Work order
Report each line of the entries below that includes "Wood".

Stored dataset items
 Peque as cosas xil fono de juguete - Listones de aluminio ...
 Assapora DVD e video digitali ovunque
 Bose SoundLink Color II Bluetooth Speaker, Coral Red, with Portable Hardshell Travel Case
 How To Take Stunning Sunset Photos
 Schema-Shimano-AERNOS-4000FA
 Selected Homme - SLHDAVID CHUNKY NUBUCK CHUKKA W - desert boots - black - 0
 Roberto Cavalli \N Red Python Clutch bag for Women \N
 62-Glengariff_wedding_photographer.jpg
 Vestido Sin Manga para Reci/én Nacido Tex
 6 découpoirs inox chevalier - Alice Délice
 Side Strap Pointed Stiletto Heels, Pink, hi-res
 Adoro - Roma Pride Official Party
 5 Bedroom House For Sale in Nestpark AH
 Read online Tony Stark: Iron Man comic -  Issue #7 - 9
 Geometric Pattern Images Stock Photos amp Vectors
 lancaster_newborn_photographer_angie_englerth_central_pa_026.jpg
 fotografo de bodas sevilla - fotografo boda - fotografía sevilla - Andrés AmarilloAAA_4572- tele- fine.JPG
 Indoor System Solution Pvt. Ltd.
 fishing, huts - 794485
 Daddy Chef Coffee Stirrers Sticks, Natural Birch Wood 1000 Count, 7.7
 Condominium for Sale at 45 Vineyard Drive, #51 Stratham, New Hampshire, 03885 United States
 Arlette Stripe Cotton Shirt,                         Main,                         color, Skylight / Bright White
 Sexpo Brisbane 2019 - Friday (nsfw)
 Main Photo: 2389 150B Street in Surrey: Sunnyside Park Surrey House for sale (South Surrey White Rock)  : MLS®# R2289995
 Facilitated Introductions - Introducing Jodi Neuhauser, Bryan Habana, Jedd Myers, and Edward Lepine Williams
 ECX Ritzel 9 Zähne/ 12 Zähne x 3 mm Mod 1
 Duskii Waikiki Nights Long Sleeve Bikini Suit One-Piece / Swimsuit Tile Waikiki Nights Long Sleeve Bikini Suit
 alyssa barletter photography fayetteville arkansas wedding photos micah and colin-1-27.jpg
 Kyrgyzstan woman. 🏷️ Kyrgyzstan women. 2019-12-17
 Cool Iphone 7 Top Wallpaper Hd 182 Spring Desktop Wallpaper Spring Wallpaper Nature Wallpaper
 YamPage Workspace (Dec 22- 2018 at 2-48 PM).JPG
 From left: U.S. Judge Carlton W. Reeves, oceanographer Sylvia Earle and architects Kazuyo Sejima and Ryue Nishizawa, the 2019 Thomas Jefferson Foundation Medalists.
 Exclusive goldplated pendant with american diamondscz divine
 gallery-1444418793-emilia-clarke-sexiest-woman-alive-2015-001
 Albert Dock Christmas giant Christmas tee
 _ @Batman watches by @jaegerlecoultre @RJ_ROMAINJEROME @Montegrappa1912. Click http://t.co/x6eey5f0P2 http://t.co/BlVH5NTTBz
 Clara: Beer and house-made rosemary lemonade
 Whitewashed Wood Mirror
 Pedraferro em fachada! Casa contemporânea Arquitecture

Solution below
 Daddy Chef Coffee Stirrers Sticks, Natural Birch Wood 1000 Count, 7.7
 Whitewashed Wood Mirror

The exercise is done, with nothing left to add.